Unlike other freshwater eels which are panmictic, meaning they have a randomized breeding structure where any mature individual will mate with any other mature individual, there is evidence to suggest that Polynesian long-finned eels have a population structure. A population structure for breeding indicates non-random mating, implying that A. megastoma undergoes mate selection, although this has yet to be confirmed.

A 2015 study captured A. megastoma leptocephali at an intersection between the South Equatorial Counter Current and the western South Equatorial Current, suggesting that larval eels use the temperature and salinity fronts as landmarks for migration. The potential cues for such migrations include age and body size, endocrinological condition, and behavior drive. Additionally, all species of Anguillidae have been observed to make a diel vertical migration from the epipelagic zone at night into the mesopelagic zone during sunrise. The reason for this migration is still unknown, but it is hypothesized that they travel deep either to avoid predators or to slow gonadal development till they reach warmer waters.

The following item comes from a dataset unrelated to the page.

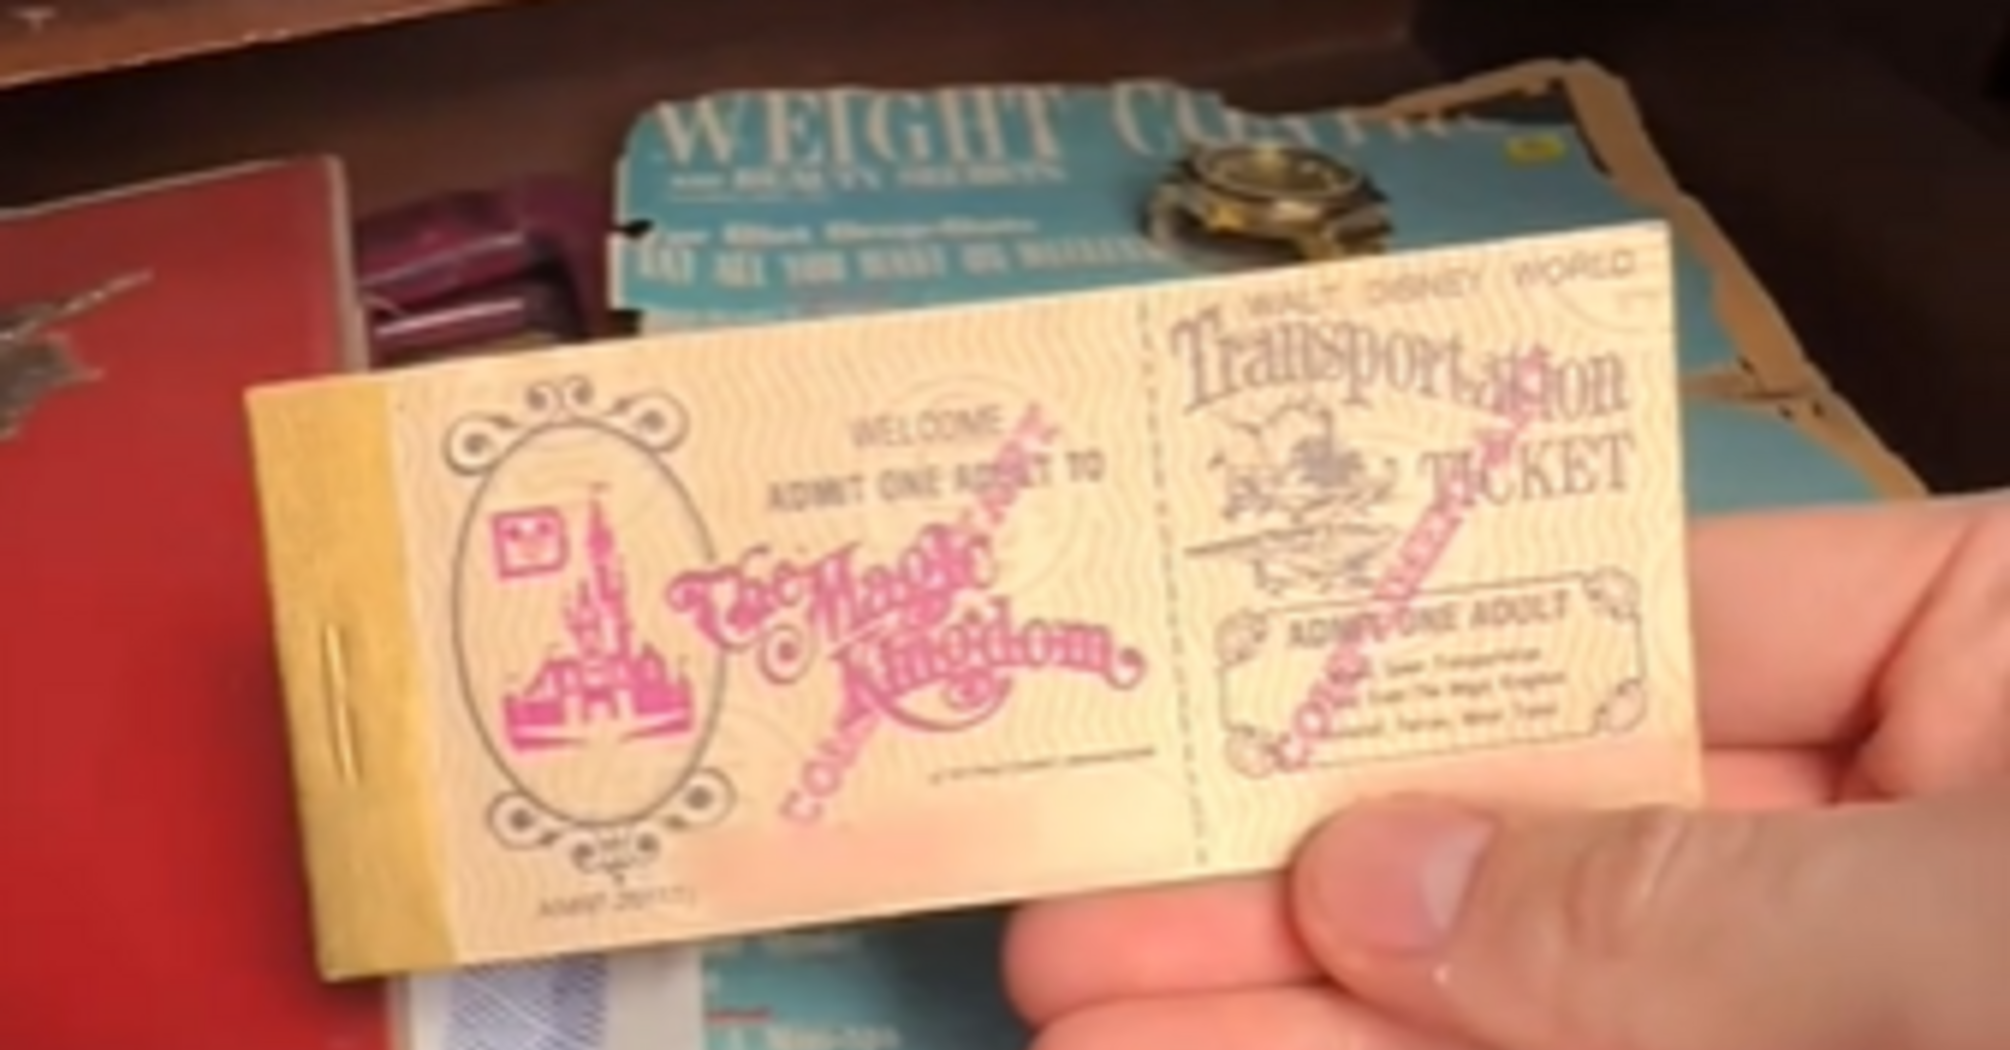 A rare "golden ticket" to Disney World

Like similar freshwater eel species, the Polynesian long-finned eel is capable of respiration by gulping water to manually push over their gills in addition to cutaneous respiration. Cutaneous respiration is a process of gas exchange through the skin. Overall, cutaneous respiration makes up a much smaller percentage of respiration than through the gills.

Aging of this species can be achieved through two recorded methods. Rough estimations can be taken by measuring the myomeres of glass eels while more exact measurements can be taken by looking at the otolith.

== Conservation Status ==
As of 2020, the Polynesian long-finned eel is considered Data Deficient (DD) by the International Union for Conservation of Nature Red List, as there is currently not enough information known about them to determine their total population and its status. The Polynesian long-finned eel has been considered Data Deficient since 2014, when the species first appeared on the Red List. They were reevaluated again in 2019, but remained Data Deficient. There have been very few studies specifically pertaining A. megastoma, as they are often studied alongside similar species to learn more about phylogeny of freshwater eels as a whole. Furthermore there have been no studies conducted for the purpose of their conservation. This could be a result of difficulties with sampling or locating their populations given that they are a migratory species that travel through multiple bodies of water. Since the Polynesian long-finned eel goes through a leptocephali stage, these small transparent larvae could also be confused with order eels and fish from their superorder. There is an absence of knowledge regarding the spawning area and larval range which could help determine the status of the species.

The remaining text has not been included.